今回お話を伺ったのは、認定NPO法人「子どもの心理療法支援会」(サポチル)の理事長を務める平井正三さん。全2回に分けてインタビューを行っています。
京都にある御池心理療法センターでは、子どもや家族、大人の心理相談を担当しています。臨床心理士の資格を持ち、日本国内の大学院で修了後、イギリスのタビストック・クリニックにて子どもと青年の精神分析的心理療法の専門訓練を受けました。
イギリスでの経験において、子どもや家族への心のケアが精神分析的アプローチを通じて無料で提供されている公的支援の一環であることに深く感銘を受け、その経験をもとに、日本でも同様の実践を広めたいという思いから、2005年に「子どもの心理療法支援会」(サポチル)を設立しました。サポチルでは、精神分析的心理療法の普及を目指し、虐待や障害を持つ子どもたちやその家族に対して支援やコンサルテーションを提供しています。また、精神分析に基づく研修や訓練の場も設け、次世代の専門家の育成にも力を注いでいます。

 

正解ではなく、一人ひとりの心のありようを探求する

 

―平井さんが、臨床心理学のなかでも精神分析的アプローチを選ばれた理由はなんですか?

日本でメンタルヘルスや心の問題が注目され始めたのは、実は1980年代くらいからなんです。その頃から、カウンセリングやプレイセラピー、心理療法といった言葉が少しずつ広がっていきました。

その時期に大きな影響力を持っていたのが、京都大学の教授であった河合隼雄先生でした。河合先生はユング心理学を推進し、その影響で私は精神分析に強く関心を持っていました。当時、私は自然科学者を目指していましたが、大学で河合先生の言葉に触れる中で、次第に心の問題に強く惹かれていったんです。

河合先生の教えを通じて、私は心の深い部分に焦点を当てることの重要性に気づきました。一人ひとりの子どもや大人と真剣に向き合い、その深い部分に寄り添う姿勢に大いに魅了されました。しかし、さらに学びを進める中で、私はより深く精神分析そのものに興味を持つようになり、精神分析の創始者であるフロイトの理論に関心を抱くようになりました。

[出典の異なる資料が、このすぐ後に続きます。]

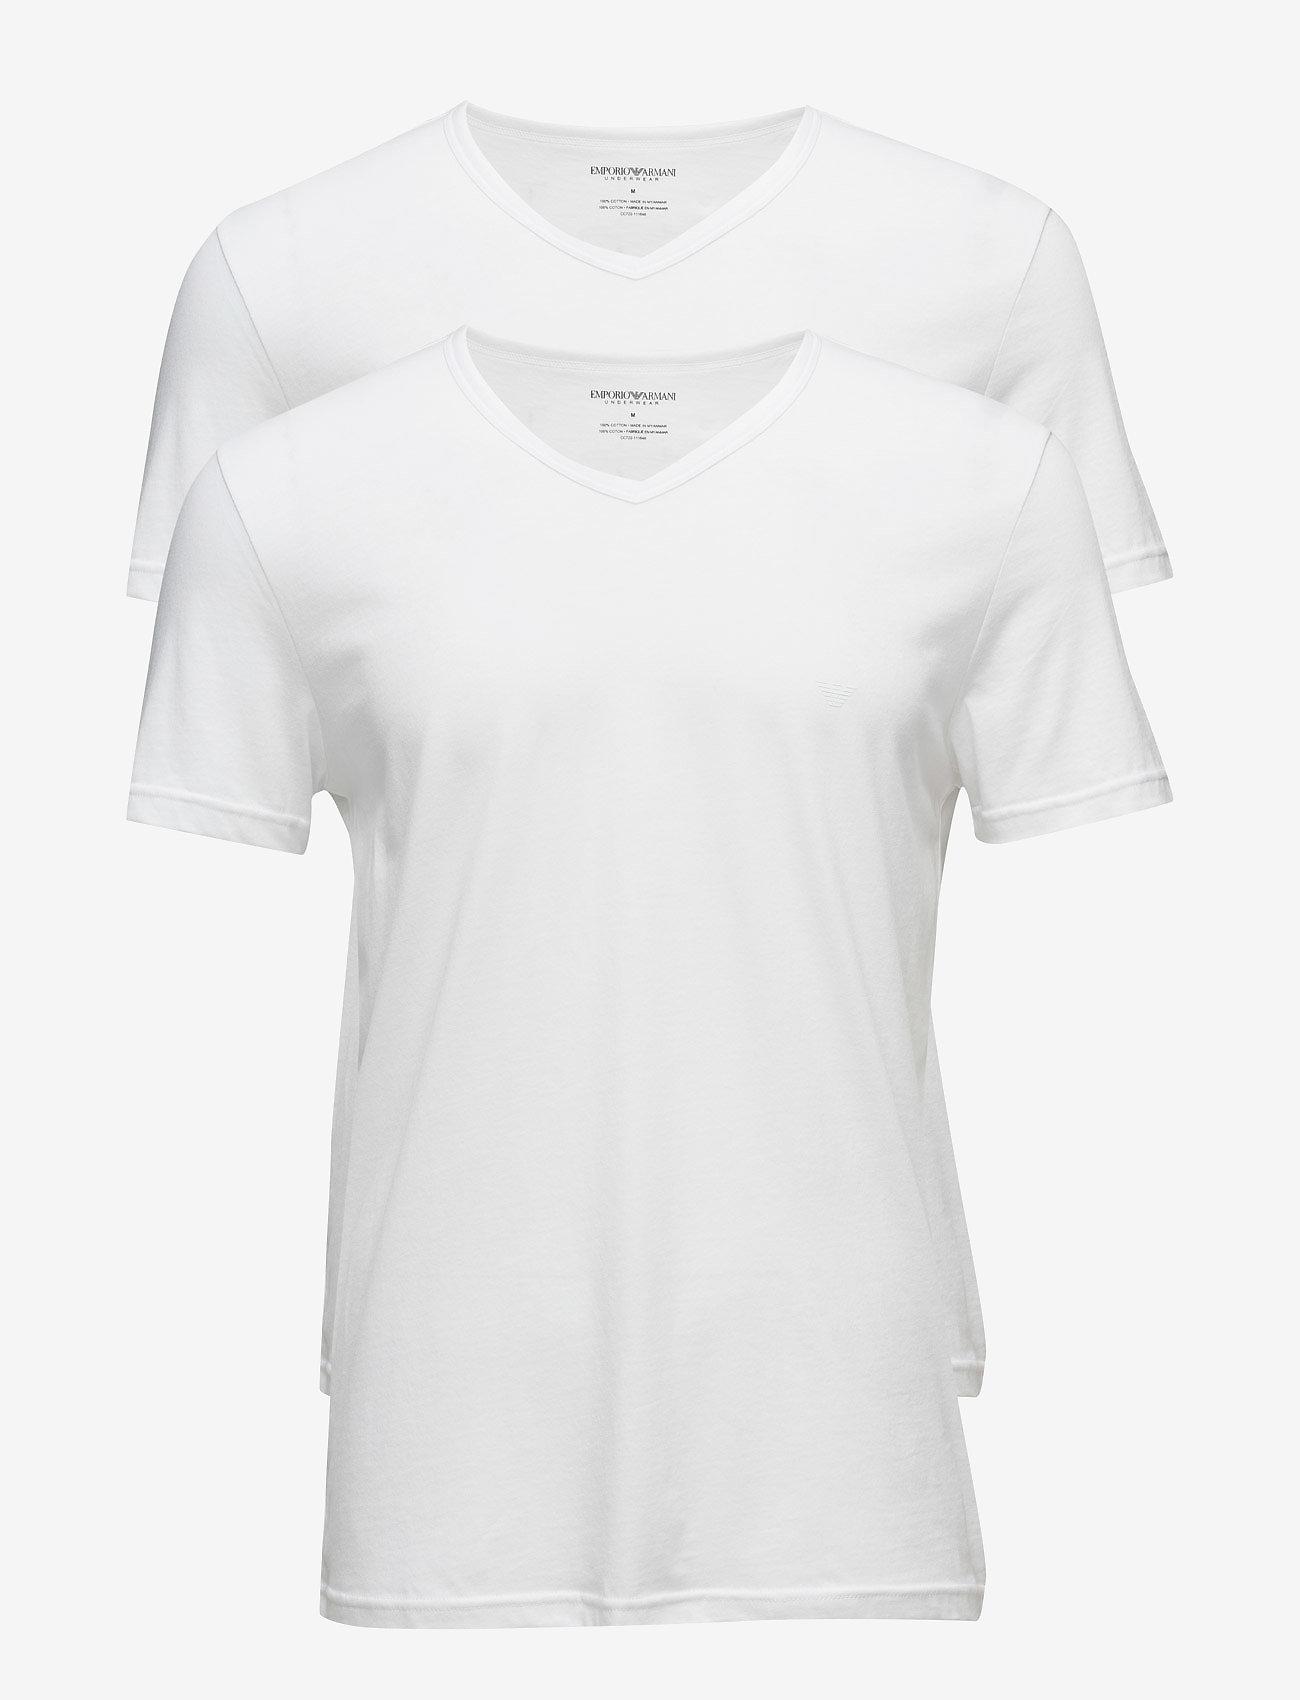 Emporio Armani - MENS KNIT 2PACK TSH - multipack - bianco/bianco - 0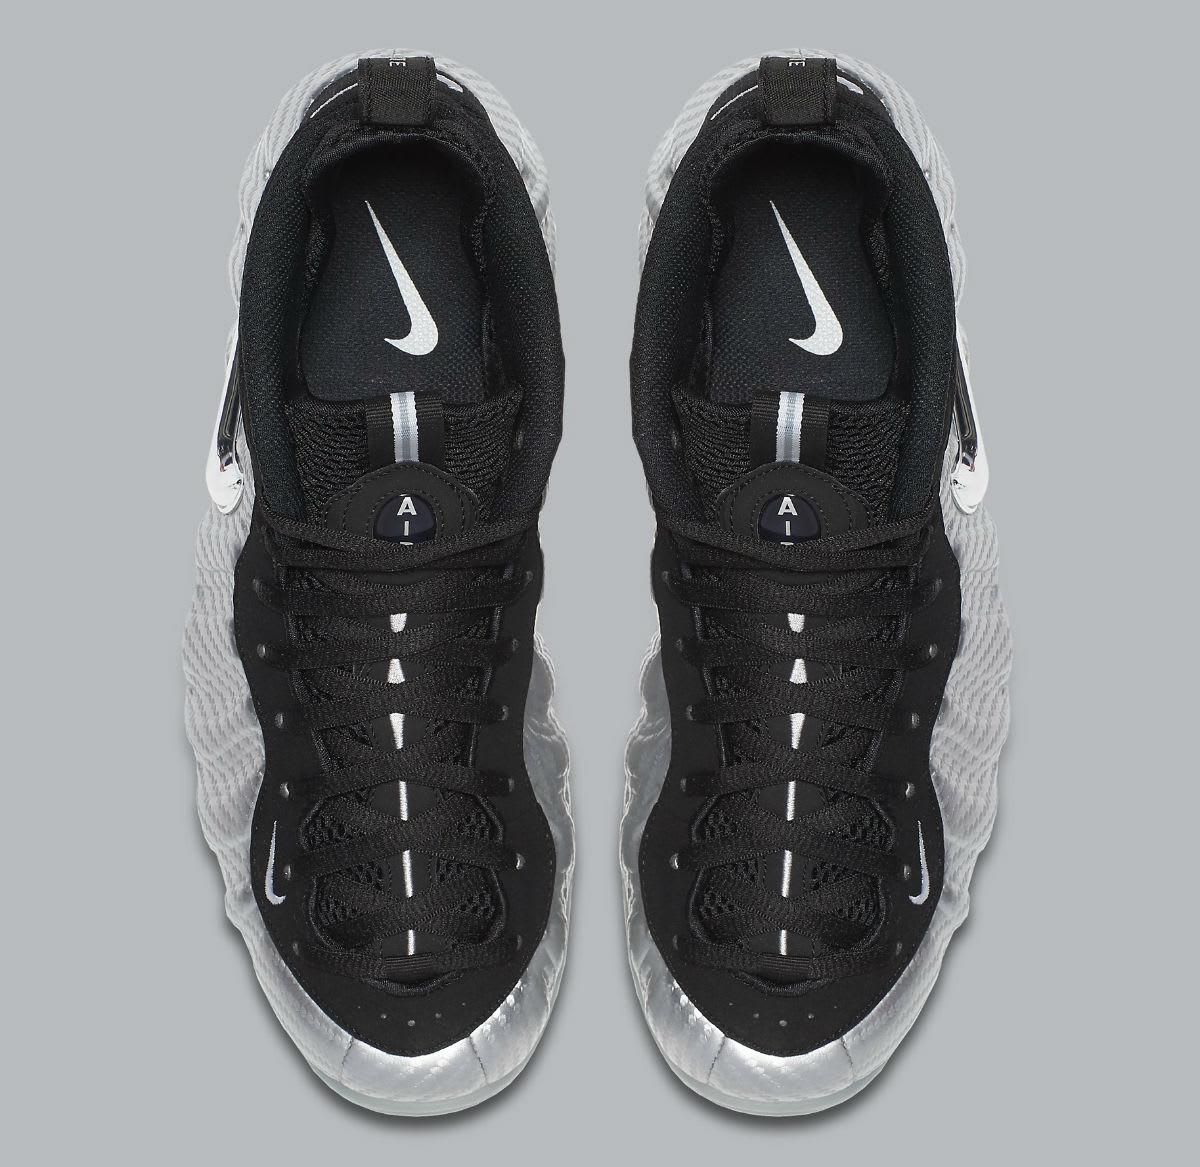 Nike Air Foamposite Pro Silver Surfer Release Date Top 616750-004

その流れに従って、私は精神分析の世界的な拠点であるイギリスの研究機関へ学びに行くことを決意しました。そこで、子どもの表面的な部分を見るのではなく一生懸命考えて向き合う姿勢に感銘を受け、それが現在の私の精神分析的アプローチの基盤になっていると思います。

 

(キャプション:タビストック留学中の平井正三氏(右))

 

―サポチルで行われている精神分析的心理療法について教えてください。

サポチルで行っている精神分析的心理療法は、一人ひとりの子どもがどのように感じ、何を思っているのかに耳を傾け、それを大切にしていく実践です。大人の場合、言葉である程度表現できますが、子どもの場合はそれが難しいことが多いです。そこで、遊びや絵を描くことなどを通じて感じていることを表現してもらい、それぞれが抱えているもやもやした気持ちを克服していくお手伝いをしています。

「子どもが、家族、学校、人間関係についてどう捉えているのか、ということについて、決して正解を求めるものではなく、私たちセラピストが関わり合いながら子どもの本当の気持ちに向き合える場になればと思っています。」

現代社会では、子どもや家族の状況が多様化しており、それぞれのニーズに合った支援を提供することが求められています。サポチルは、個々の状況に応じた支援を提供することで、子どもたちが健全に成長できる社会を目指しています。特に虐待や発達障害の問題に直面している子どもたちに対しては、家族全体を支援する必要があります。親御さんも、子育てや自身の家庭環境等さまざまな問題を抱えているケースが多いからです。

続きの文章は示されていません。